Where the Souls of Men are Calling
Where the Souls of Men are Calling
NEW YORK BRITTON PUBLISHING COMPANY Copyright, 1918 By Britton Publishing Company All Rights Reserved Made in U. S. A.
Hillsdale is somewhere in the United States of America —but there are hundreds of Hillsdales!
This particular Hillsdale is no less, no more, than the others. It contains the usual center of business activity clustering about a rather modern hotel. One of its livery stables has been remodelled into a moving-picture house, the other into a garage; one of its newspapers has become a daily, the other still holds to a Friday issue. In its outlying districts will be found hitching racks before the stores. Altogether, Hillsdale might be said to be on the fence, with one leg toward progressiveness, the other still lingering in the past.
Its residences have not grown beyond the rambling, mellow kind, that drowse in poetic languor amidst flowering vines and trees. These trees, that also line the streets, meeting in cathedral arches overhead, might be stately elms of New England, poplars of the middle-west, or live-oaks of the south; for it must be strictly borne in mind that Hillsdale is somewhere in the United States.
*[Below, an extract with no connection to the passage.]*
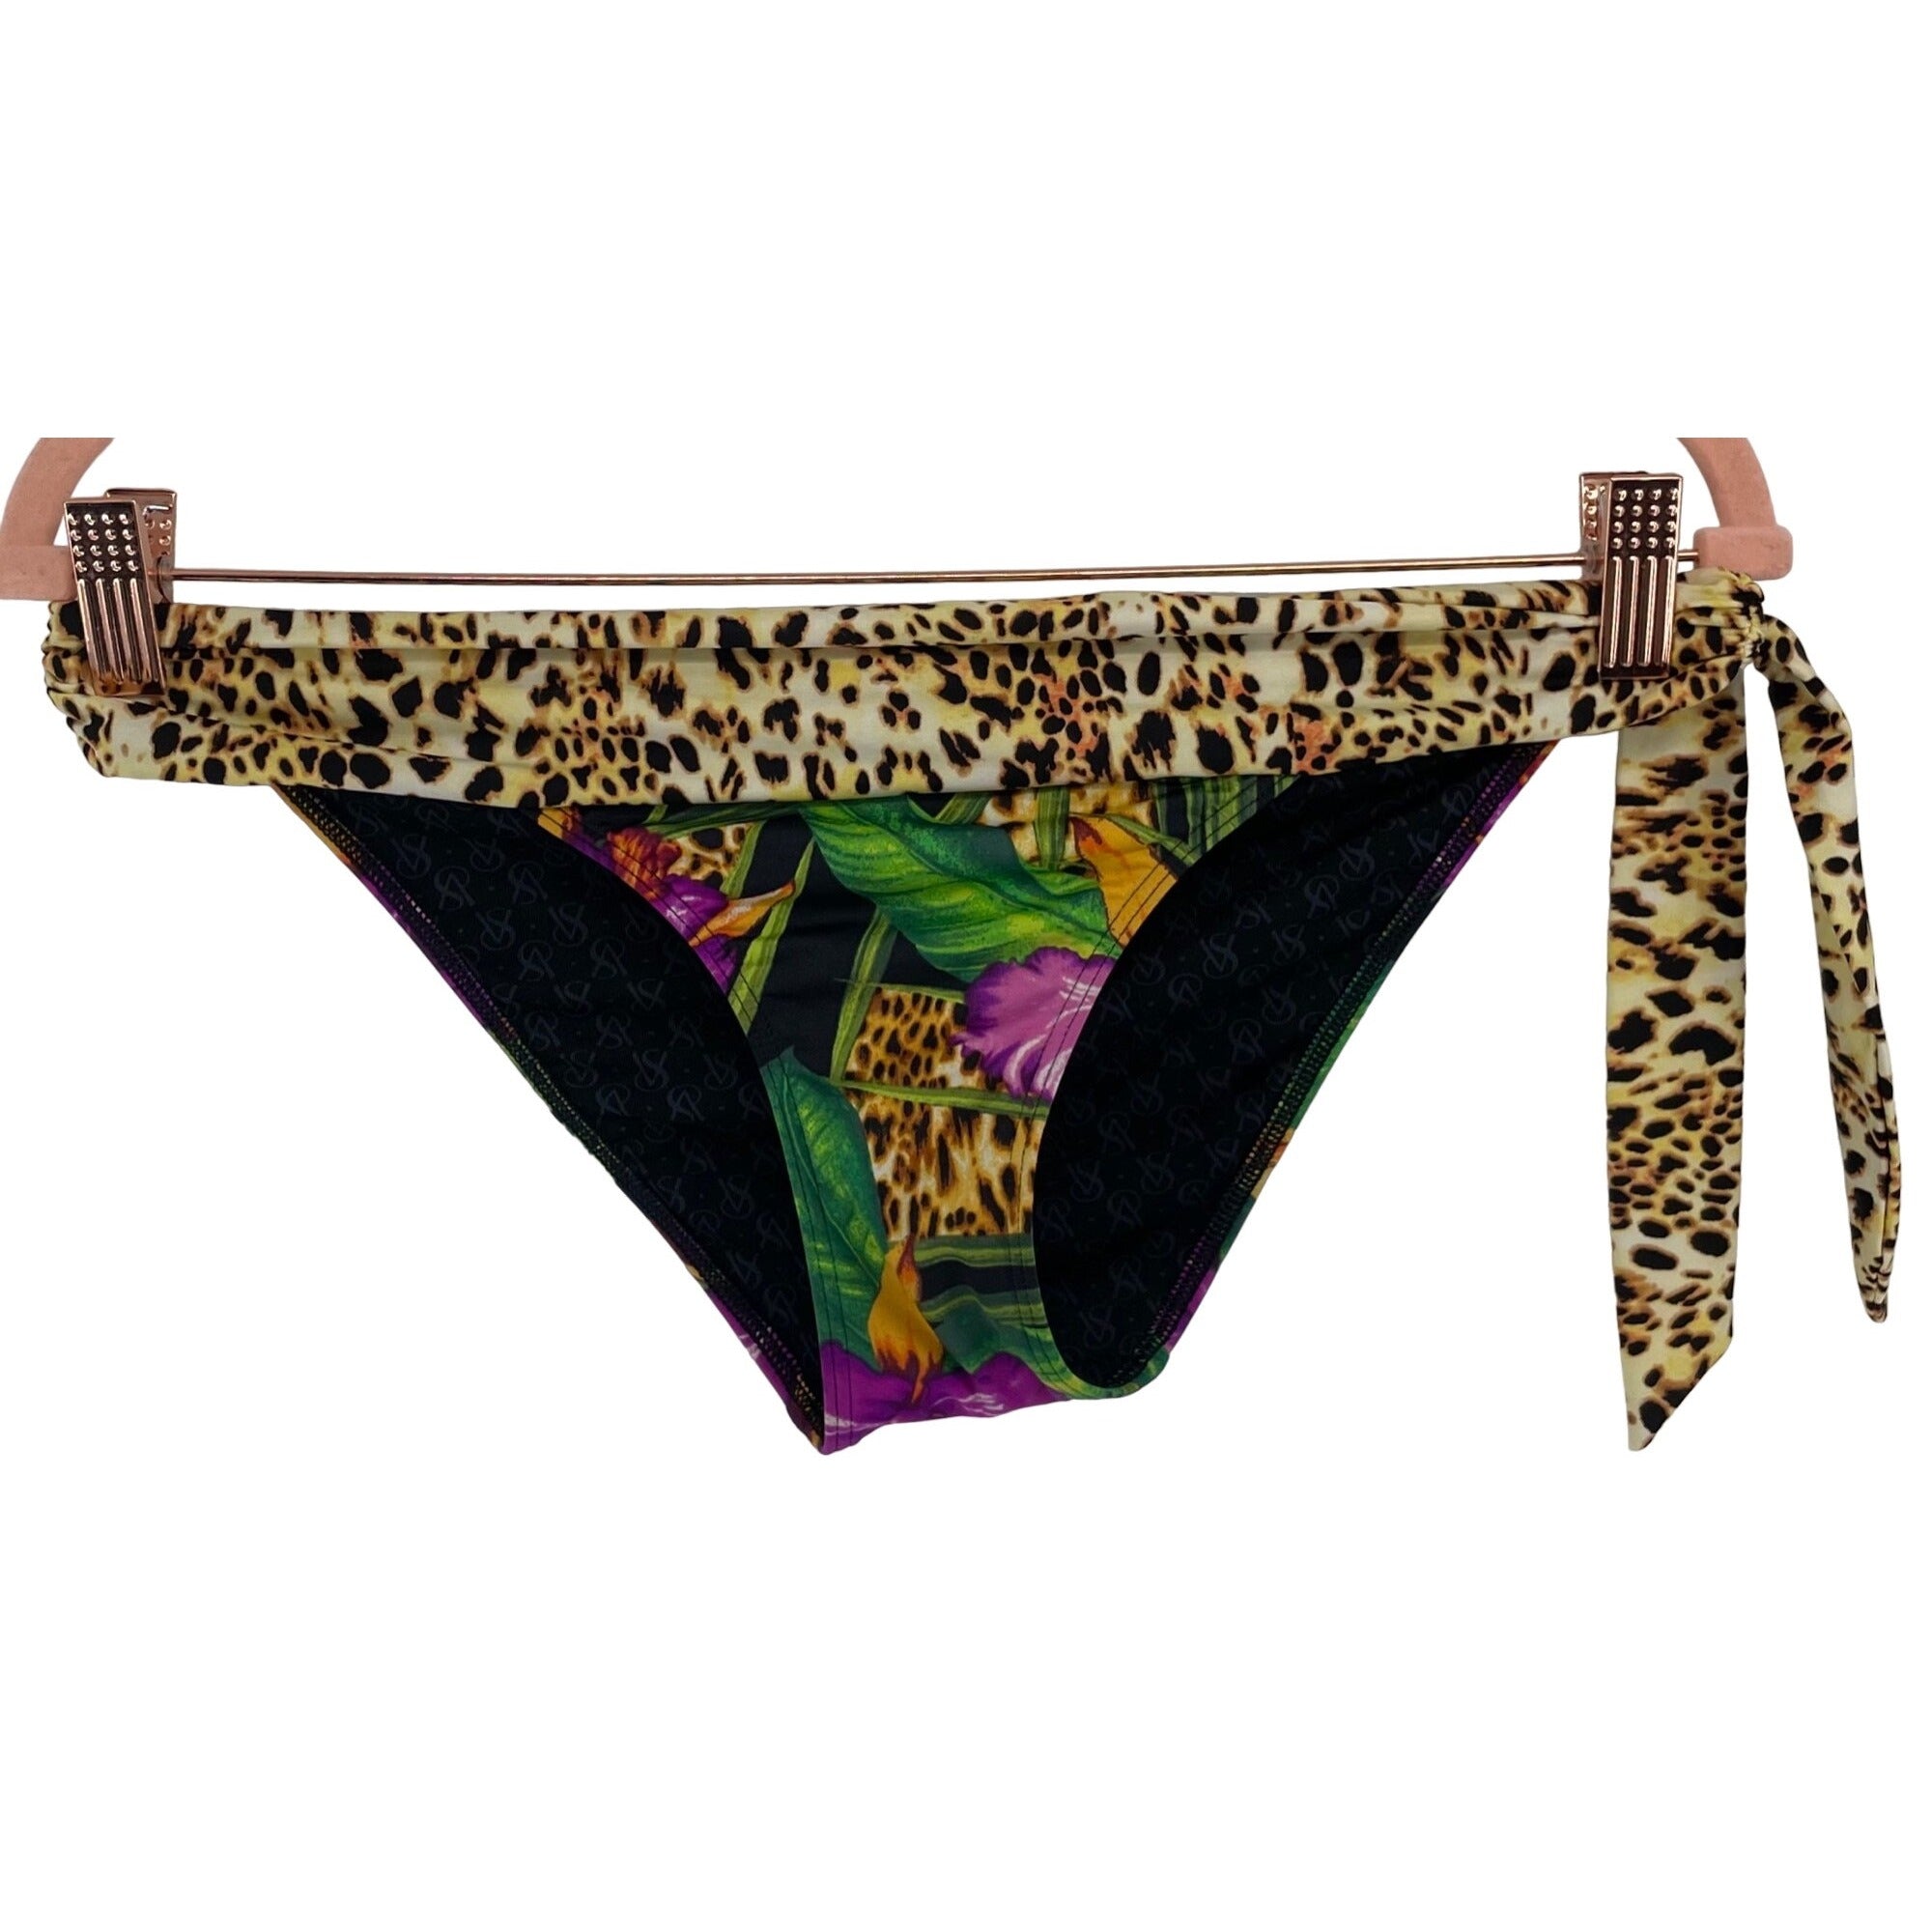 Victoria's Secret Women's Size Small Leopard Print Multi-Colored Swimsuit Bottoms

One mild day in early April, 1917, in the side yard of a corner house well away from traffic noises, two trim little women, Miss Sallie and Miss Veemie Tumpson, were delicately uncovering their tulip beds when Colonel Hampton, passing on his way down town, stopped and raised his hat. An imperceptible agitation rustled their conventional exteriors, since it was an occasion of pleasure when Colonel Hampton paused at anyone's fence. They noticed, however, that his usual geniality was lacking; that the kindly seams in his face were set into lines of sternness.
Well, m'em, he thundered, their damned outrages continue!
Miss Sallie gasped and stared at him, while her more timid sister was too much taken aback to move. In the forty-odd years of their acquaintance with this agreeable product of the mid-Victorian era, this was the first time they had heard an oath pass his lips—without an immediate apology; and the apology had not been forthcoming.